Coriolanus (Ralph Fiennes, 2011): UK

Reviewed by Byron Potau. Viewed at The Egyptian Theatre as part of the 2011 AFI Film Festival.


In his directorial debut, Ralph Fiennes meshes Shakespearean dialogue with a modern setting in Coriolanus. The two styles drown out each other leaving us with a very muddled take on one of Shakespeare’s lesser known tragedies.

Citizens are rioting in protest of the military withholding stores of grain from them in favor of themselves. The protest is quelled, but not before General Caius Martius Coriolanus (Ralph Fiennes) openly berates them for their audacity in protesting and for their lack of appreciation for himself and the military.

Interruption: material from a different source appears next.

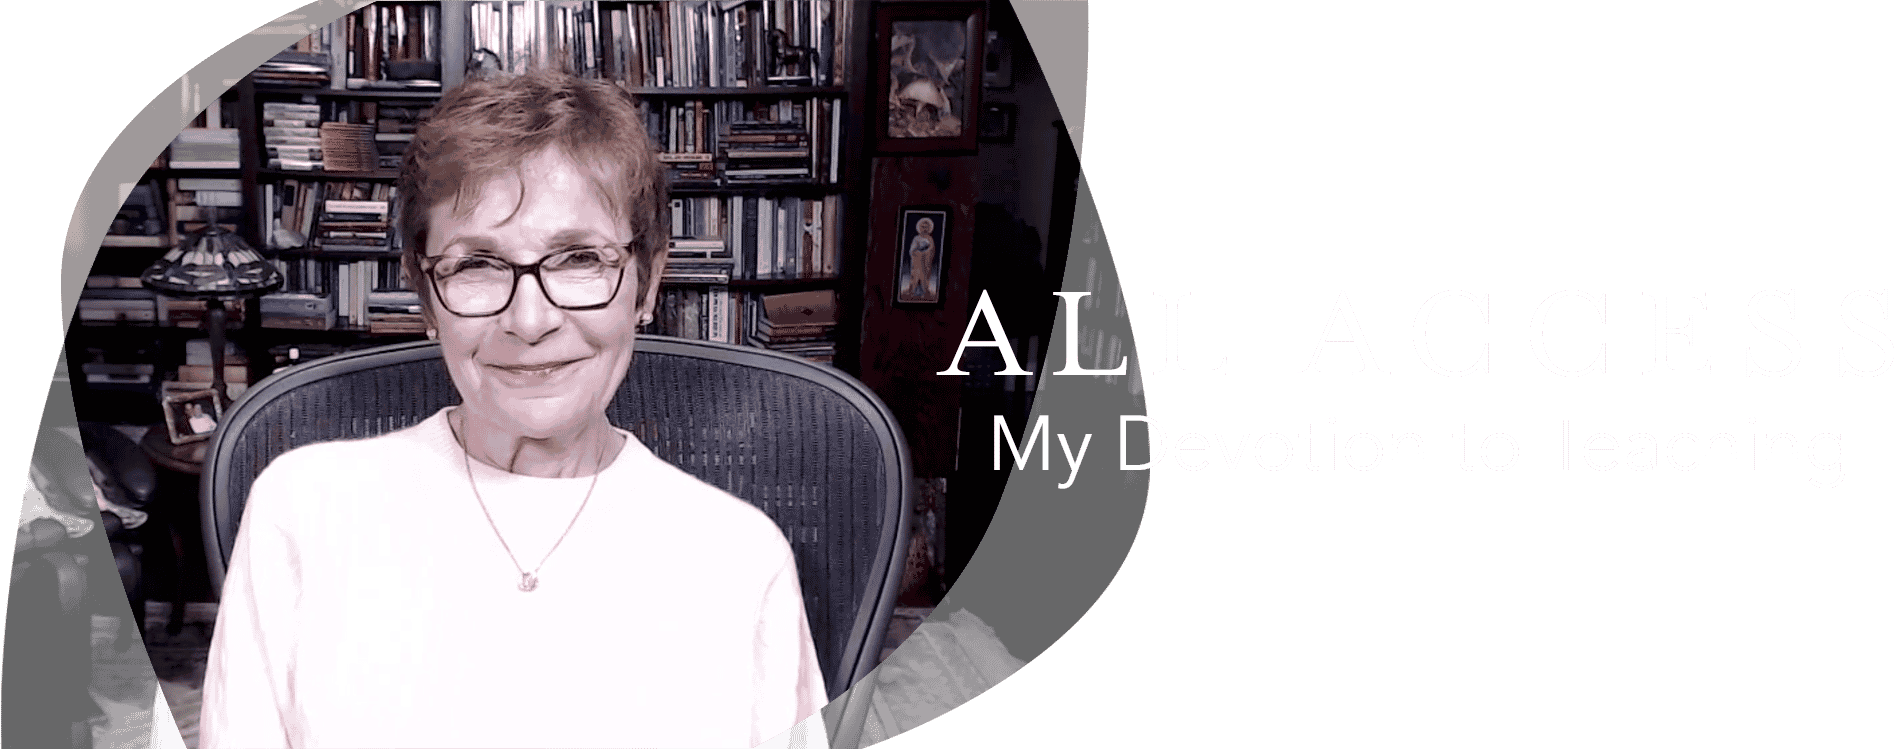 Caroline Myss - My Devotion to Teaching

Coriolanus then goes into battle where he meets up with his sworn enemy, Tullus Aufidius (Gerard Butler). Their battle ends in a draw, but Coriolanus pushes the invading army out of their territory and returns to his home a hero. However, once in a political world a couple of politicians conspire against Coriolanus and turn the people against him resulting in Coriolanus being banished. Coriolanus then seeks out Tullus Aufidius to help him lead an army and take revenge on the country that banished him.

First time director Ralph Fiennes attempts to make the film too modern, forcing it to be relevant to today’s situations rather than letting it be interpreted that way. His close up happy verite style of shaky handheld cameras and television news footage doesn’t fit Shakespeare’s tragedy very well.

This style also does little to enhance any of the performances and seems to do more to stunt them than anything. This along with the Shakespearean dialogue spoken in this modern setting makes for very awkward performances at times.

Fiennes appears to be making two films here that he tries to put together like two pieces of different puzzles. He would have done better to make a straight up version of Coriolanus which seems more in his grasp. Here he just seems to have been too ambitious in his debut.